I grin. "The biggest." I stand up. "Right, my darling, I'll be off." It feels odd, at first, talking like this, with other families all around you. You're self-conscious. Like making phone calls in an open-plan office, or when you go to the gym for the first time and you think everyone's looking at you. They're not, of course, they're too busy thinking about their own phone call, their own workout, their own sick child.
So, you start talking, and three months later you're like me-unable to stop.
"Nanny's coming to see you at the weekend-that'll be nice, won't it? She's missed you terribly, but she didn't want to come anywhere near you, not with that horrible cold she had. Poor Nanny."
It's become a habit now, this prattling on. I'll catch myself talking out loud in the car, at the shops, at home; filling the space where See the tractor? and Time for bed and Look with your eyes, Dylan, not your hands should be. They tell you it's good to talk to the kids. That they find it reassuring to hear Mum and Dad's voices. I think it's us who find it reassuring. It's a reminder of who we were before we were PICU parents.
I drop the side of Dylan's cot, so I can lean over him, my forearms resting either side of him, and our noses touching. "Eskimo kiss," I say softly. He never let us forget that final good-night kiss, no matter how many cuddles had been given, how many raspberries blown.

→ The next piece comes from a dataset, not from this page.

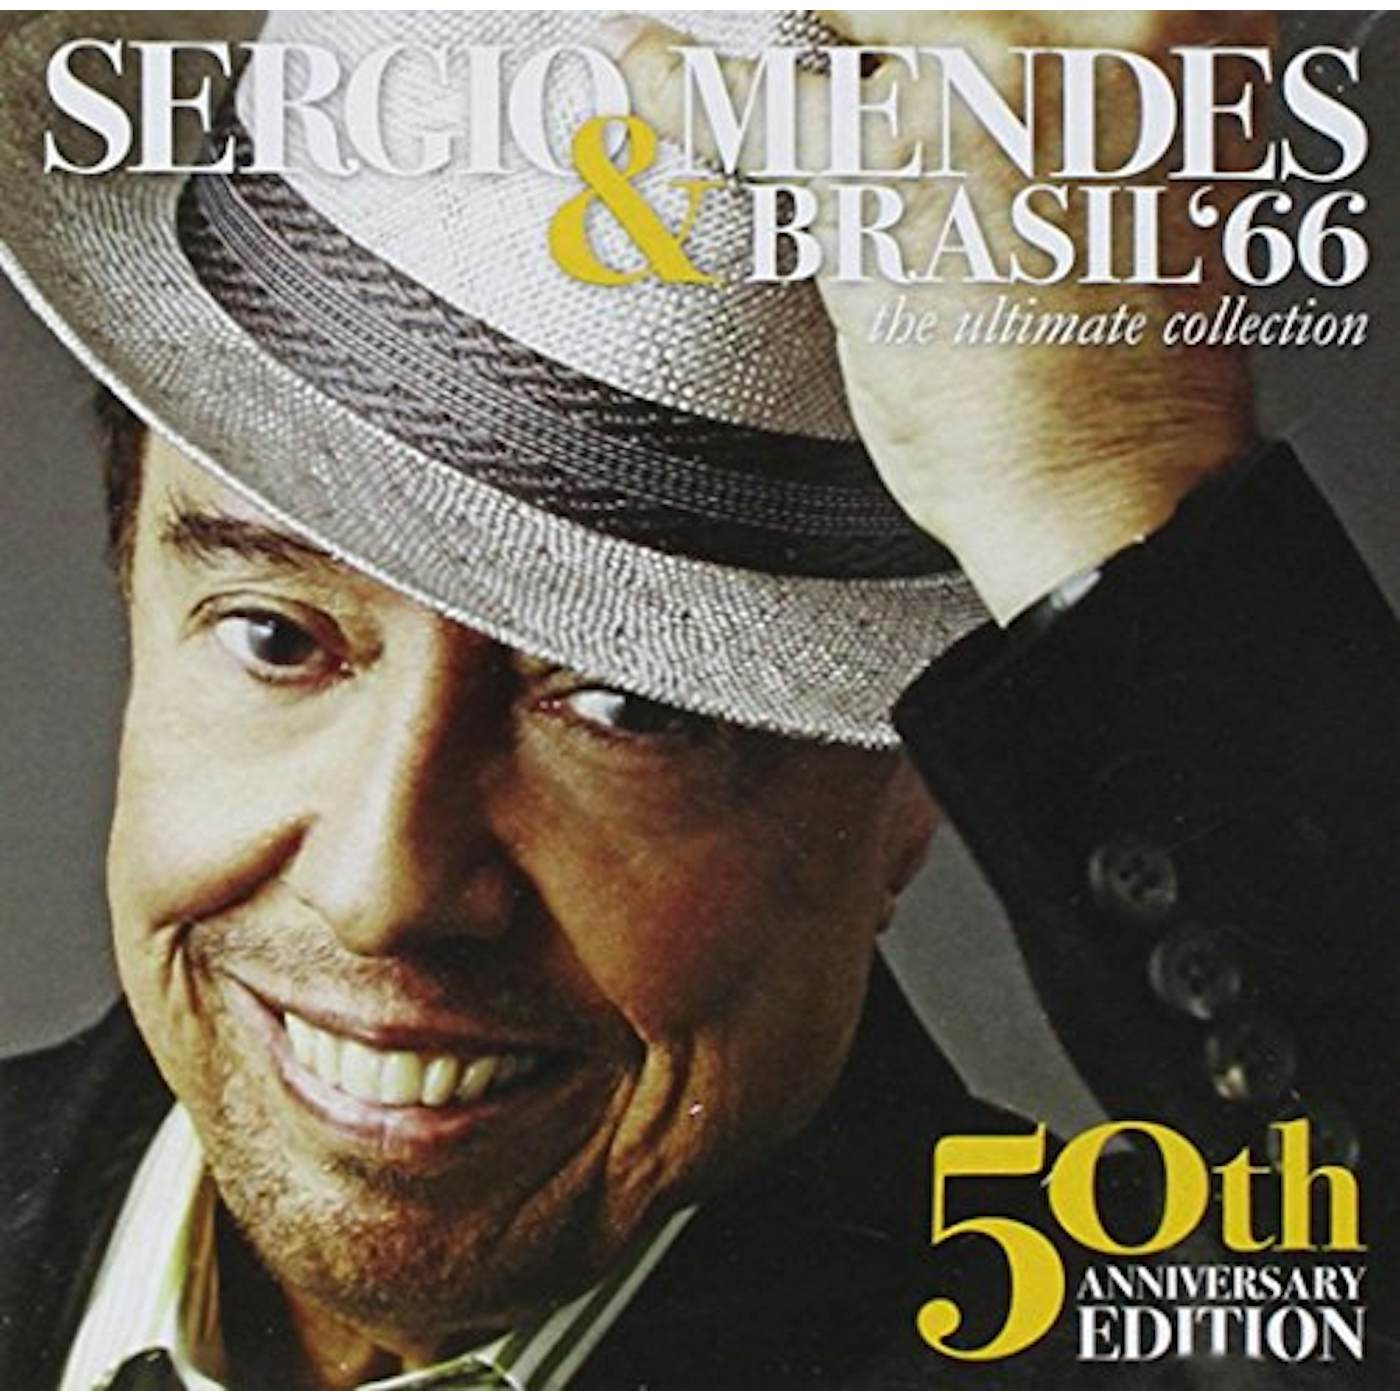 Sergio Mendes & Brasil '66 ULTIMATE COLLECTION: 50TH ANNIVERSARY EDITION CD

"Keemo!" he'd insist, and I'd drop the cot side once more, and lean for a final good night, and he'd press his nose against mine and wrap his fingers around my hair.
"Love you, baby boy," I tell him now. I close my eyes, imagining warm breath on my face, sweet from bedtime milk. Tomorrow, I think. Tomorrow they'll take out the tube, and this time it won't go back in. I kiss his forehead and raise the cot side, making sure it clicks safely into place so he can't fall out. "Night, Cheryl. Bye, Aaron, Yin. See you tomorrow?"
"Off for three days," Yin says, holding up both hands in a hallelujah.
"Oh, so you are-you're going to visit your sister, aren't you? Have a lovely time." I look at Nikki Slater, who has pulled her chair a little closer to her son, so she can rest her head beside his. "Get some rest if you can," I say gently. "It's a long road we're all on."